I did actually go down this road for a while, but I couldn’t think of any movies with them on the soundtrack. Certainly didn’t remember the shirt.

Ha! Yeah, I liked that movie, even if it maybe isn’t the classic that the other two Cornetto films are. Next one coming as soon as I think of something!

  1. A case of mistaken gender identity
  2. A fixed lottery
  3. One of the coolest bad-guy names in film history; even if the Latin is probably fake
  4. Scales of injustice. No, scales and injustice.
  5. A character long thought dead returns in the end to save the day.

Monty Python and the Holy Grail? “Old woman–” “Man!”; not sure; Tim the Enchanter; “If she weighs the same as a duck…”; “He’s going to tell! (He’s going to tell!)”

Nope! I’ll give another clue in the morning.

Dragonslayer.

No additional clues needed! It is Dragonslayer.

  1. A case of mistaken gender identity: Valerian has spent her whole life disguised as a boy so she won’t get sacrificed to the dragon. She’s… not very convincing.
  2. A fixed lottery: The lord’s daughter somehow never gets entered into the lottery… until she fixes it herself.
  3. One of the coolest bad-guy names in film history: C’mon, Vermithrax Pejorative? That is bad-ass.
  4. Scales and injustice: Well, dragon scales. And lots of injustice.
  5. A character long thought dead returns in the end to save the day: Sir Ralph Richardson is the only knight in this movie, but he’s a wizard, and he allows himself to be killed so he doesn’t have to walk all the way to the dragon’s cave. Lazy!

@Gordon_Cameron up!

Sounds like one of Key and Peele’s football player names. Where’d he go to college?

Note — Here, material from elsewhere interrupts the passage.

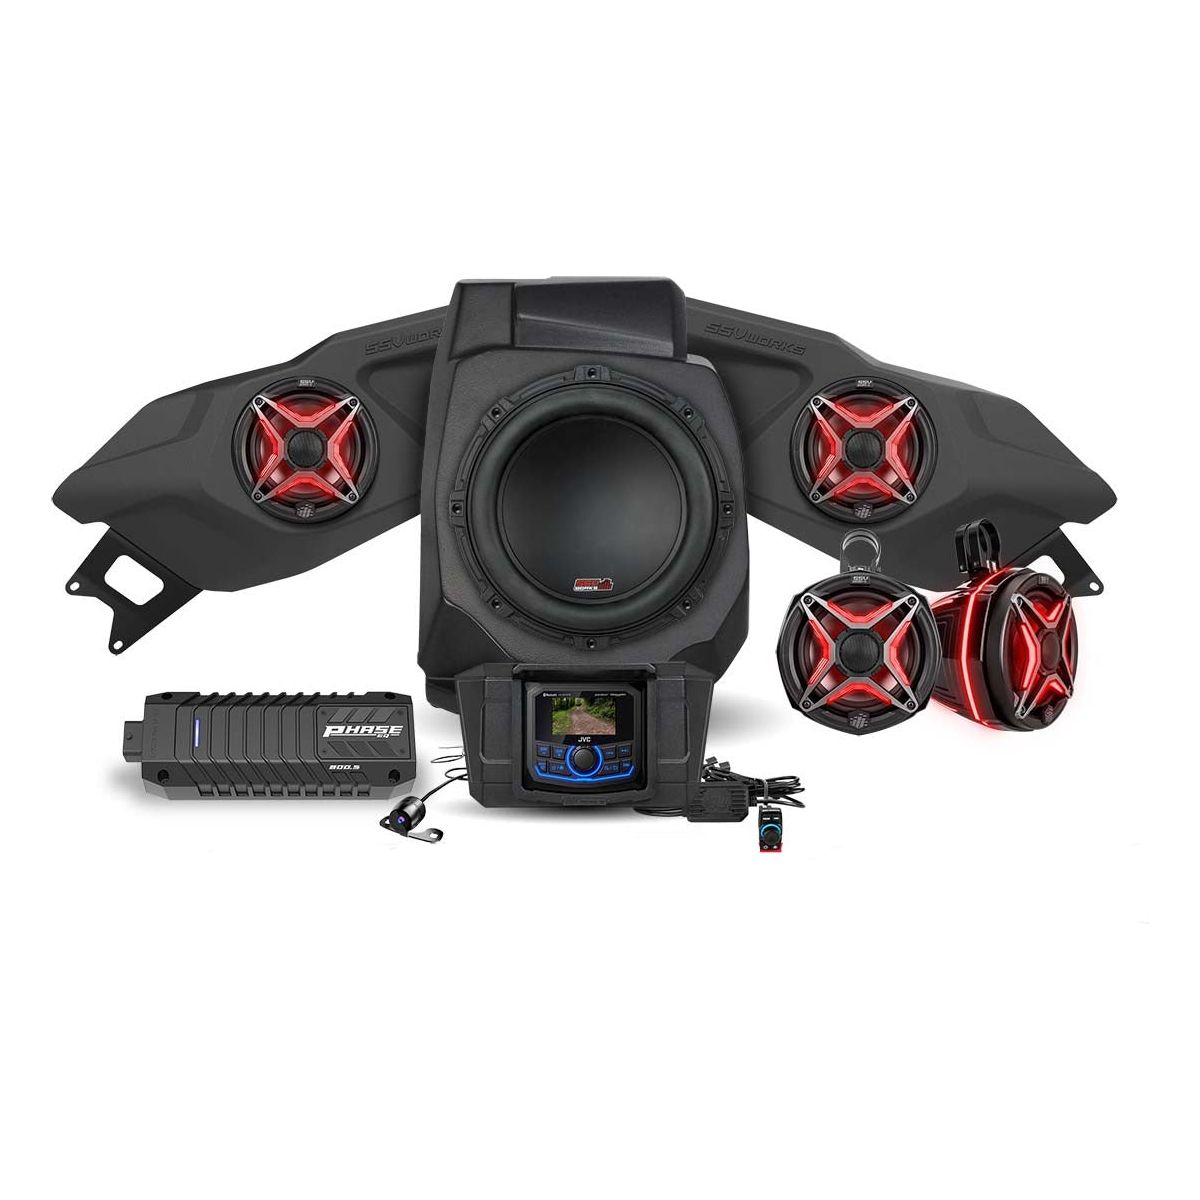 Polaris RZR Pro / Turbo R Lighted 5-Speaker System with Head Unit

Vermithrax would be Greek, not Latin. l am pretty sure that is what prevented me from finding the right movie (this, and also maybe the fact that l have never even heard of Dragonslayer…)

Lots of places. He has hundreds of degrees!

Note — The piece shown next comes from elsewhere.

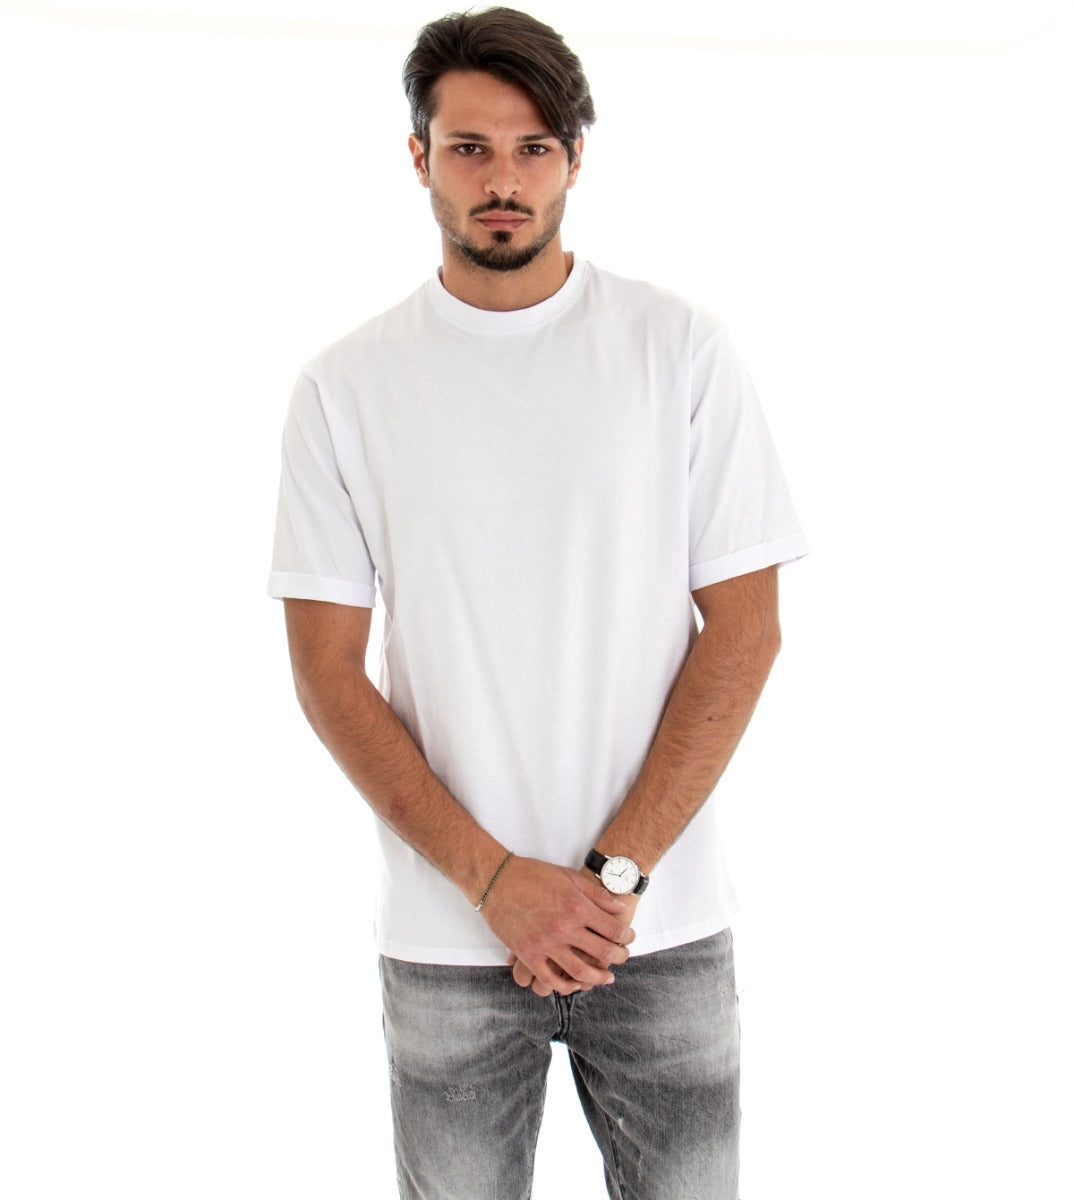 Men's T-shirt Short Sleeve Solid Color White Retro Print Cotton GIOSAL

Well in that case, the Latin is definitely fake!

Next:

  1. Wall pounding
  2. Overcooked steak
  3. Home movies
  4. Jailbait
  5. Two fellas who will meet again in the movies

Once Upon A Time In Hollywood?

Nope!

The Aviator?

Not the Aviator (either one).

image

Raging Bull

Correct!

This was the first one I actually got all the clues. But I have seen the film many times, which helps.

Anyway, I yield my turn.

Raging Bull explanations:

  1. Wall pounding - Jake, having been thrown in jail, pounds the wall of his cell with his bare fists
  2. Jake chides his first wife: “Don’t overcook the steak. It defeats its own purpose.”
  3. There’s a sequence of 16mm(?) home movies showing Jake and his second wife and other family members swimming and looking happy.
  4. Jake winds up getting arrested for letting two underage girls into his bar. (“Can you prove to me that you’re 21?”)
  5. The two ‘fellas’ are future Goodfellas co-stars Robert De Niro, who plays Jake, and Joe Pesci, who plays his brother Joey.